Law enforcement officers do not have an unfettered right to search a vehicle. Officers may not conduct a search unless they have probable cause.
Here are some important things that individuals who are facing charges resulting from a search of their vehicle should understand about probable cause.
What constitutes probable cause?
To proceed with a search, police must reasonably believe that they may find weapons, drugs, or evidence of a crime. A police officer’s hunch that a person looks like a criminal or may have drugs in the car does not amount to probable cause.
A proper determination of probable cause must be reasonable and readily articulable. If an officer sees contraband in plain view on the floor or seat of a vehicle, that observation would constitute probable cause to support a search.
Does consenting to a search eliminate the requirement of probable cause?

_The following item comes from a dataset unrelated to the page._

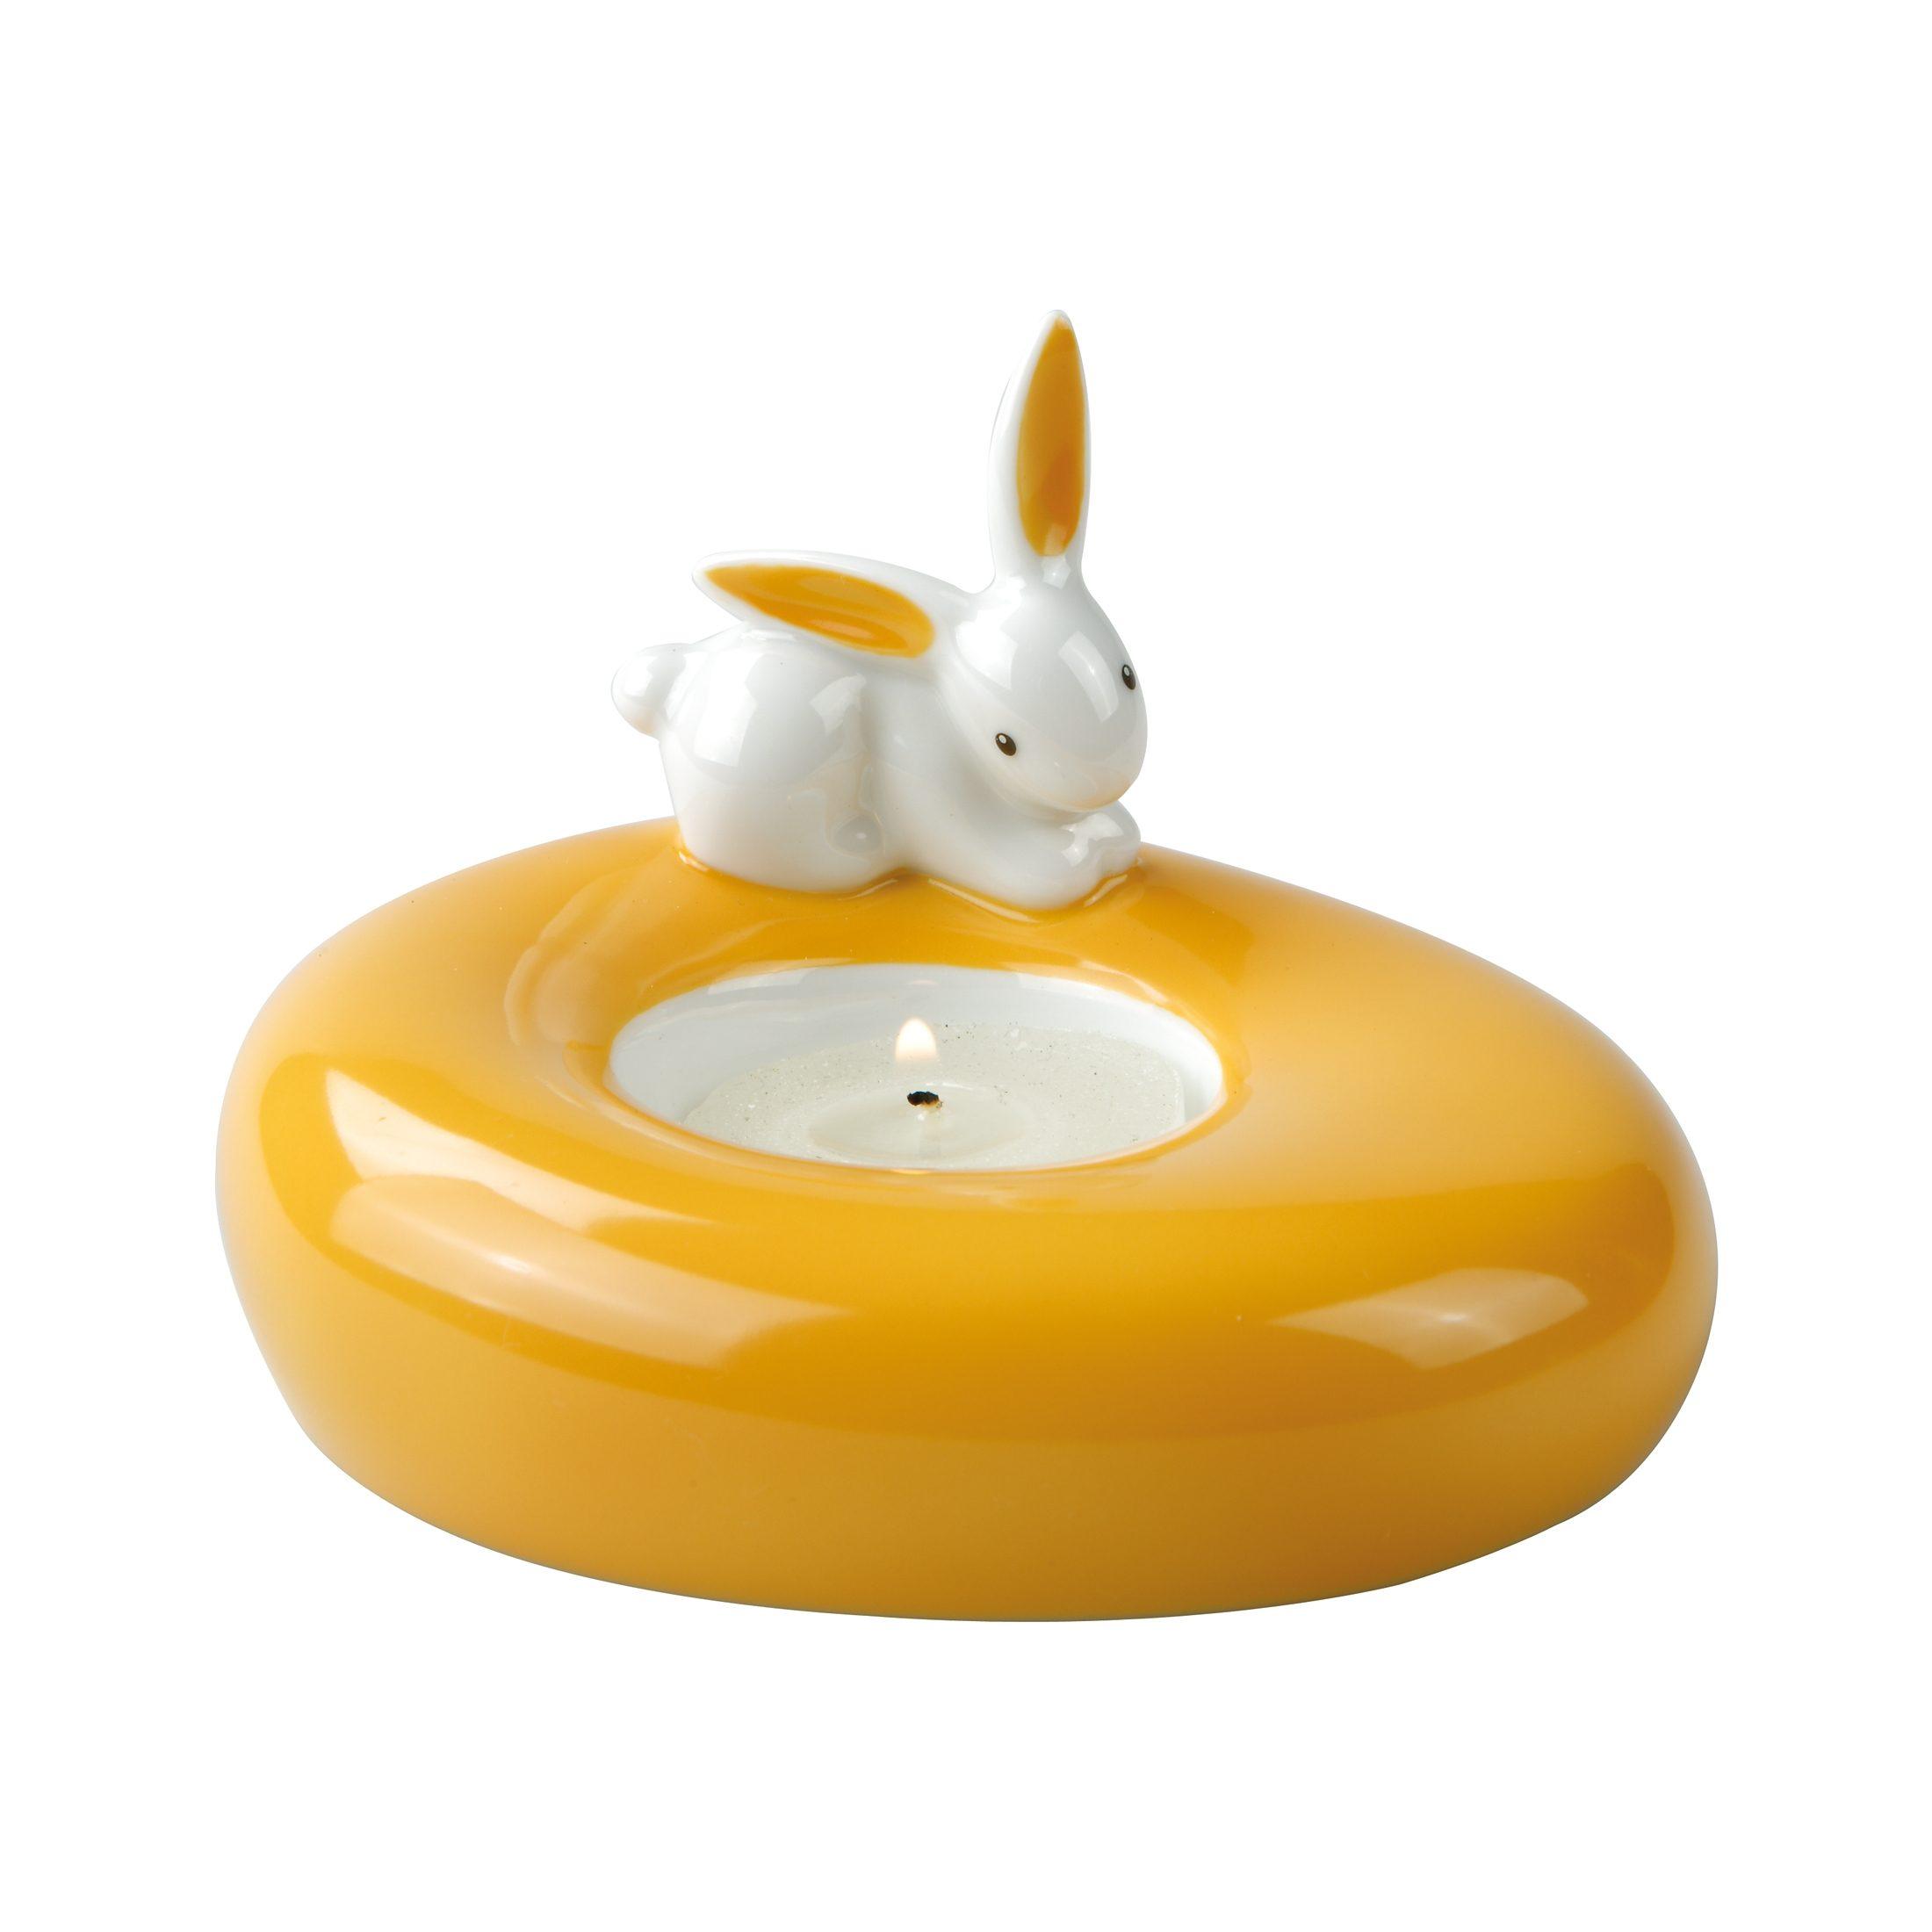 Goebel Orange Sunrise Bunny - Teelichthalter »Bunny de luxe«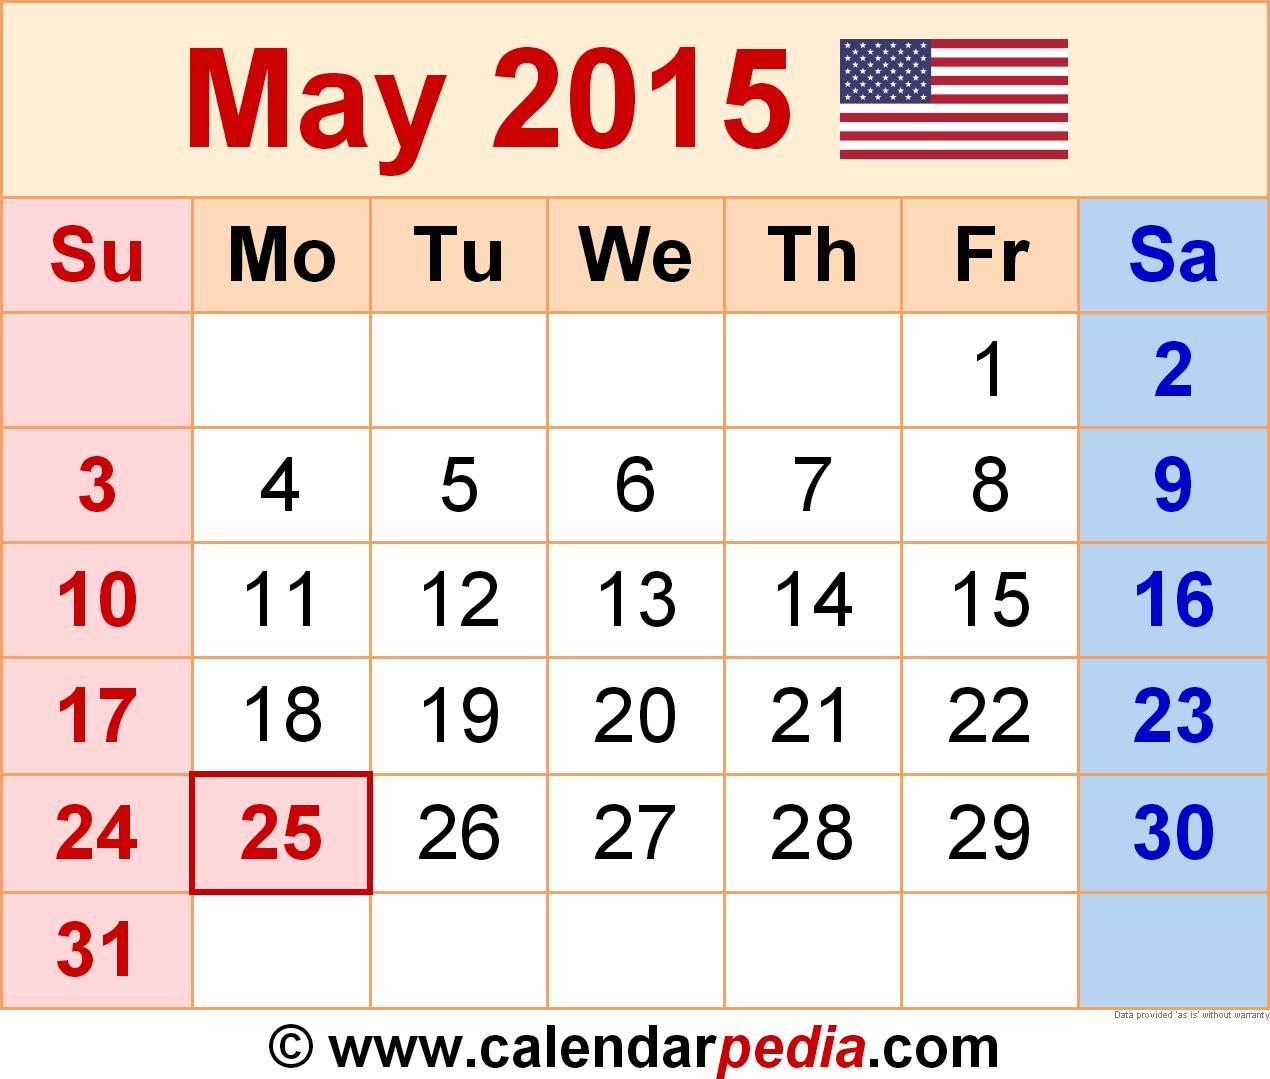 Calendar 2015 Template Monthly from www.calendarpedia.com

When officers request to search a vehicle, a driver might interpret the request as an indication that they have legal grounds to do so. However, New Jersey’s Supreme Court has previously found that giving an officer permission to conduct a search does not do away with the need for probable cause. Officers must make a determination of probable cause prior to asking for consent to a search.
In the absence of probable cause, searching a vehicle may be a violation of the fourth amendment. Evidence that officers obtain from an unconstitutional search is inadmissible in a criminal trial, and a defense attorney may move to suppress the evidence or dismiss the charges.